Nota, a company specialising in AI model slimming and optimisation, said on Thursday it succeeded in optimising a vision-language-action (VLA) model needed to implement physical AI on Qualcomm’s latest edge AI device. It cut robot action generation time by about 85.8 percent and increased inference speed by up to seven times.
A VLA model is a high-computation model that recognises real-world environments through sensors such as cameras, understands human commands and generates robot actions. It typically runs in environments based on graphics processing unit (GPU) servers, and cases of real-time execution on embedded devices alone are limited.
Nota ran the VLA model "SmolVLA 0.45B" on Qualcomm’s edge AI device "Dragonwing IQ-9075" and applied optimisation.
The optimisation maintained the recognition and understanding stages and focused on the final stage that generates robot actions. After applying real-time inference optimisation to reduce repetitive computation and neural processing unit (NPU)-based graph optimisation, processing time for the action generation stage (Action Head) fell to 31 milliseconds from 218 milliseconds. Total inference time was also reduced to 310 milliseconds from 505 milliseconds. Work success rates stayed at a similar level, at 85 percent versus 86 percent, Nota said.

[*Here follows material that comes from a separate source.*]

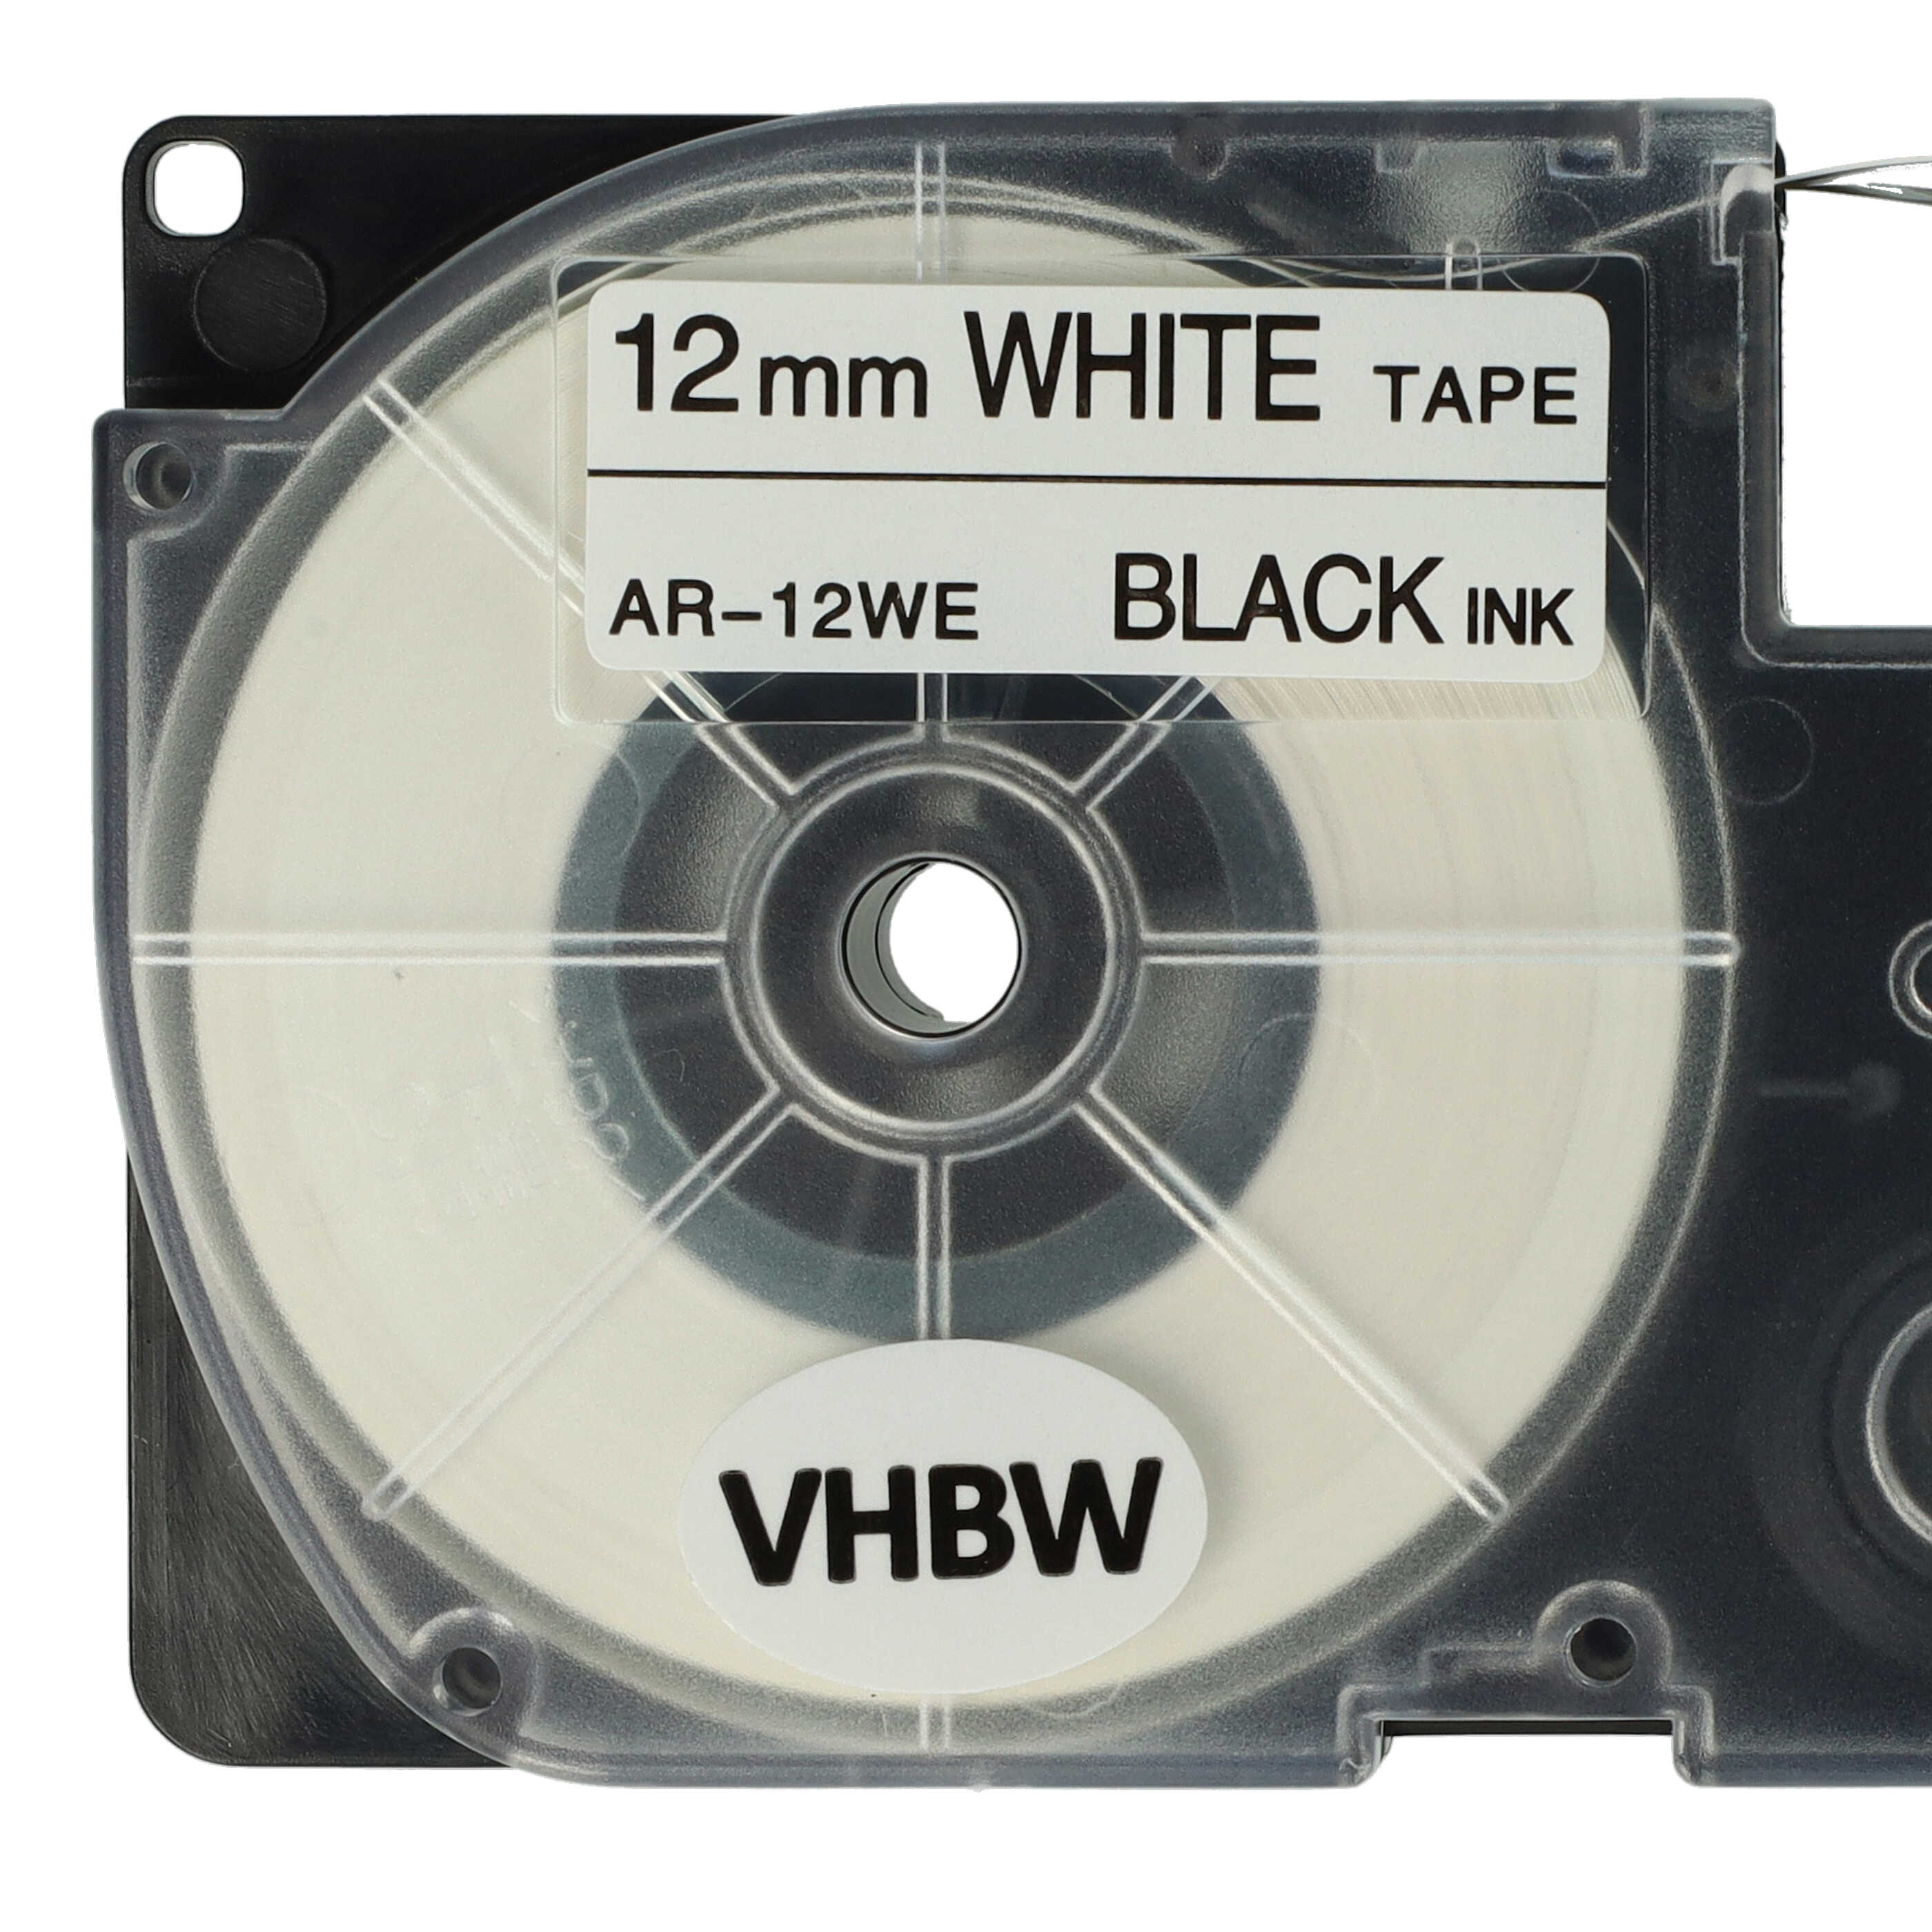 2x Casete cinta escritura reemplaza Casio XR-12WE, XR-12WE1 Negro su Blanco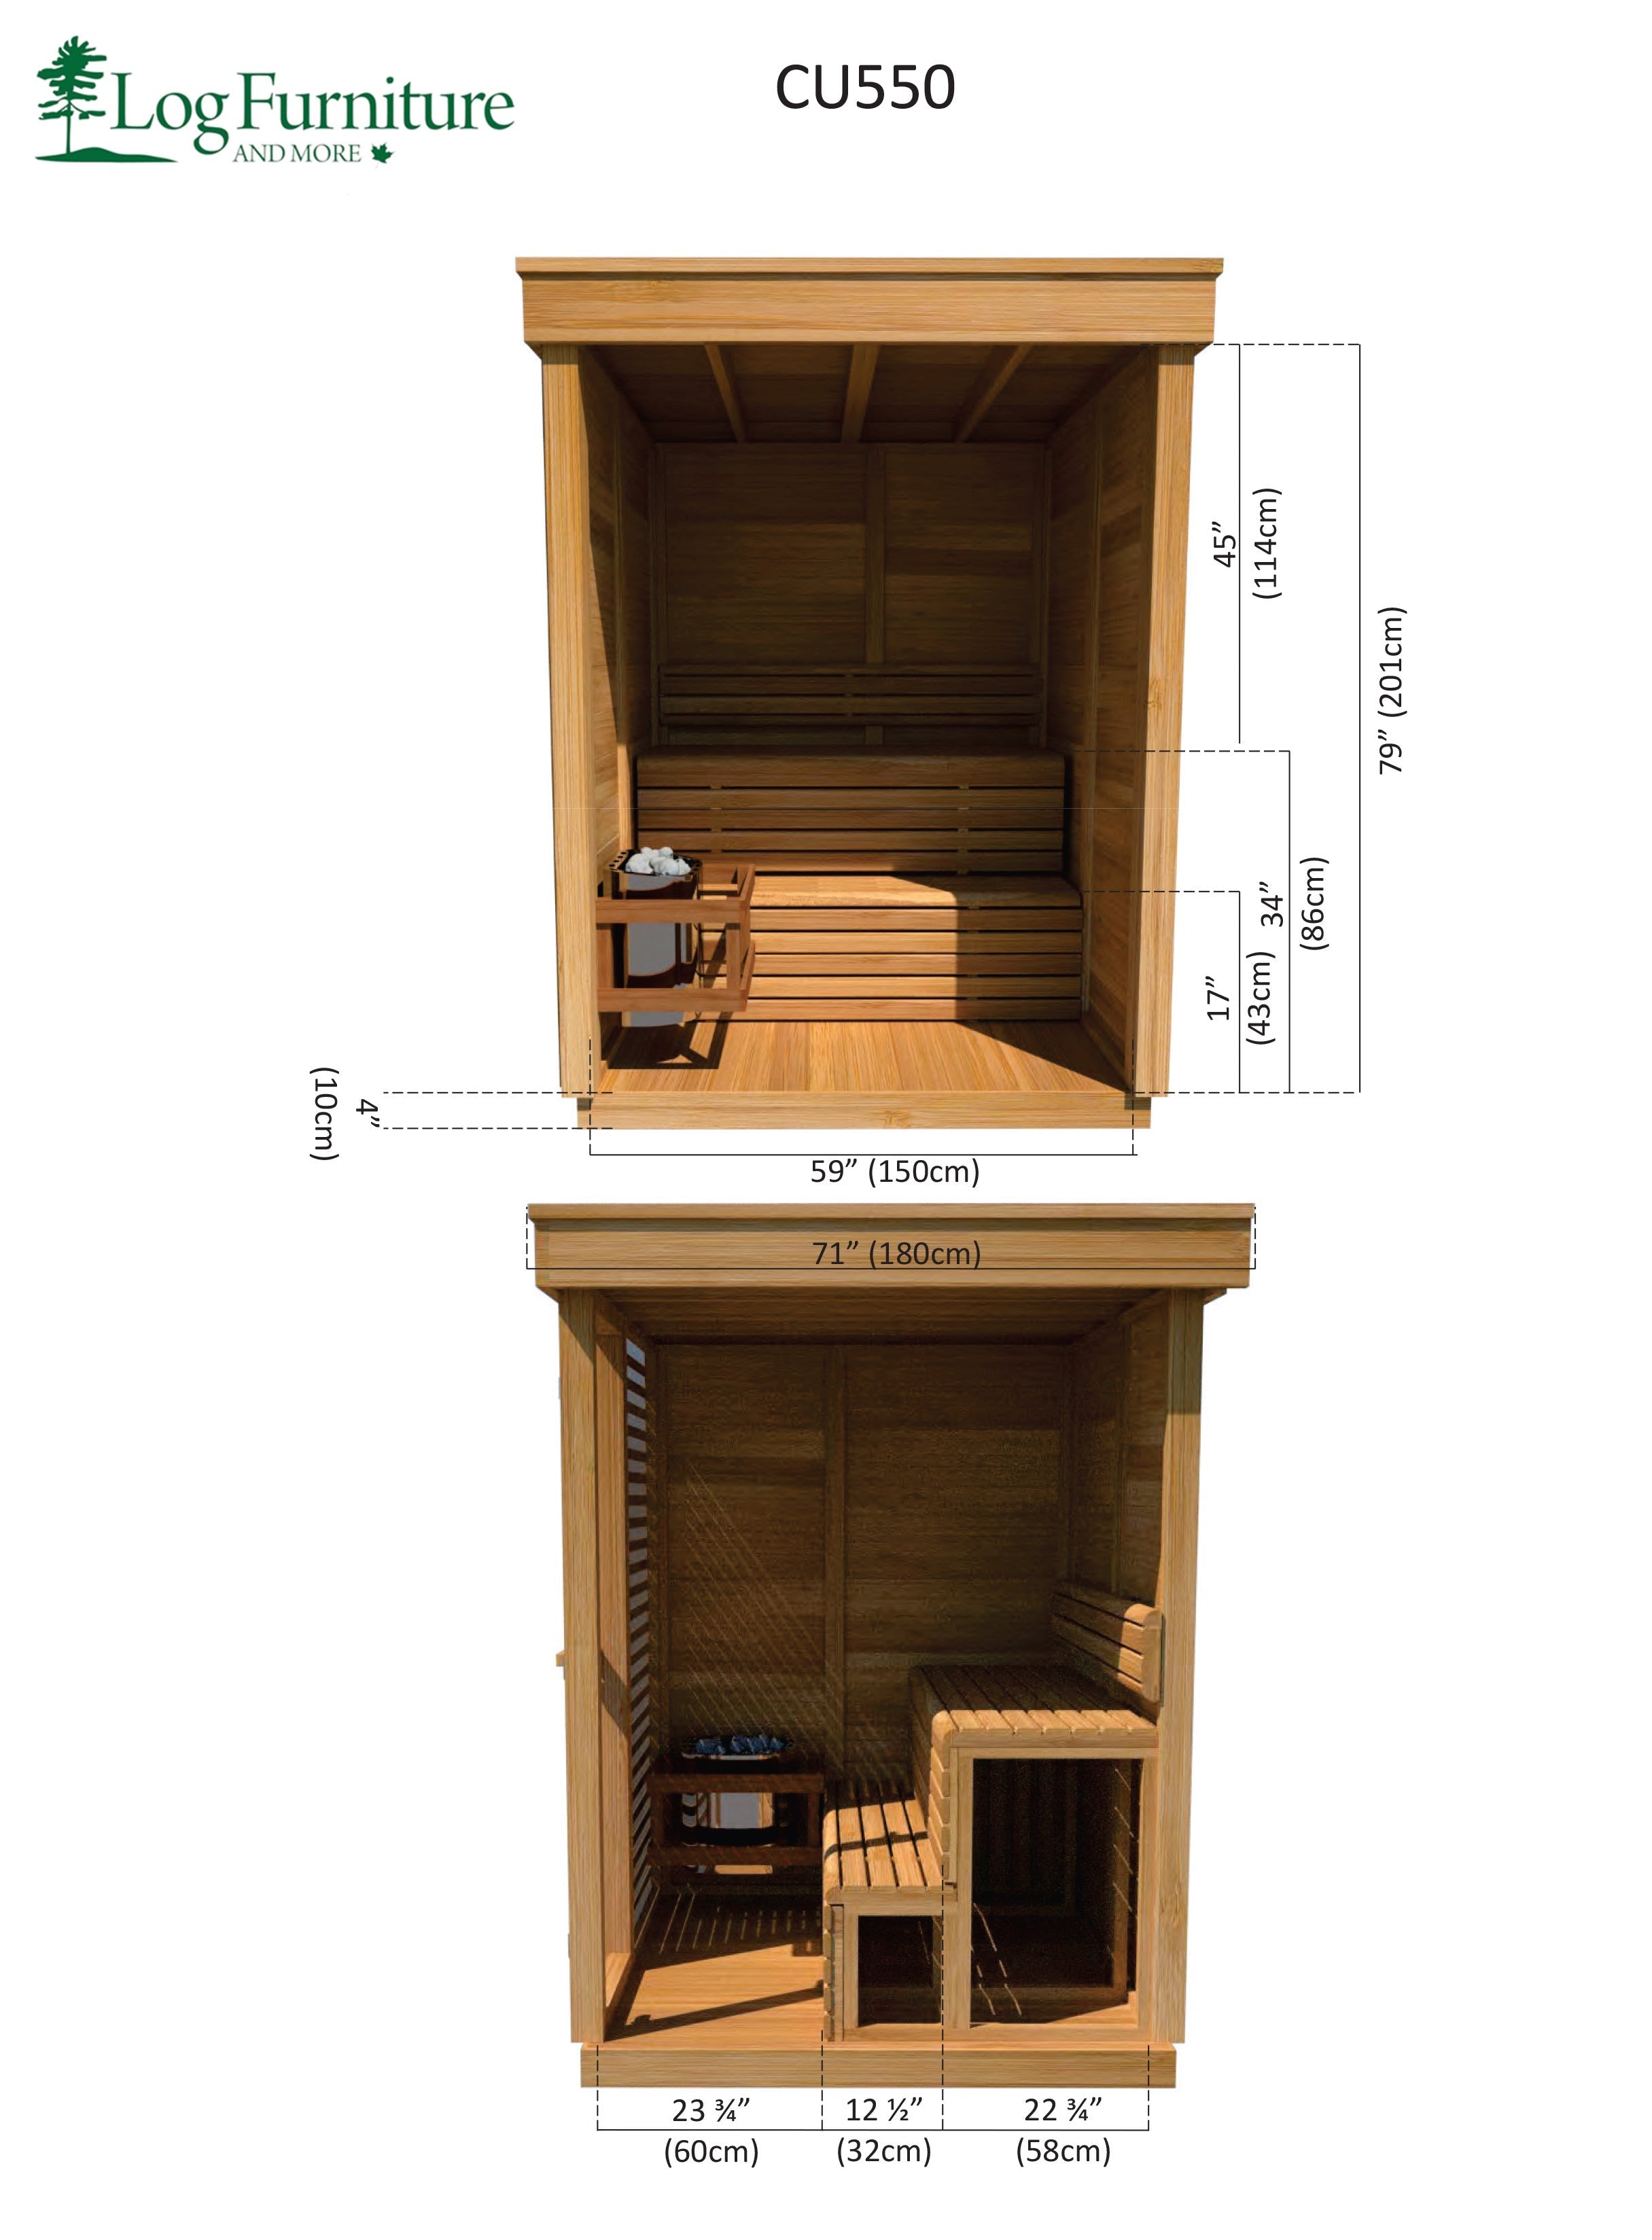 Dimensions of Knotty Cedar Modern Box OUTDOOR Sauna

Nota unveiled the achievement at Embedded Vision Summit 2026, held in Santa Clara, California. It ran a real-time, hands-on demonstration in which an optimised VLA model recognised an item selected by a visitor, then used a robot arm to pick it up and put it in a basket.
Nota CEO Myeong-su Chae (채명수) said, "AI needs to be able to quickly and stably process the process of seeing and understanding real environments and connecting that to actions on an edge AI device." He said, "This VLA optimisation achievement is an example showing that Nota’s technology can expand as a core foundational technology for the era of physical AI."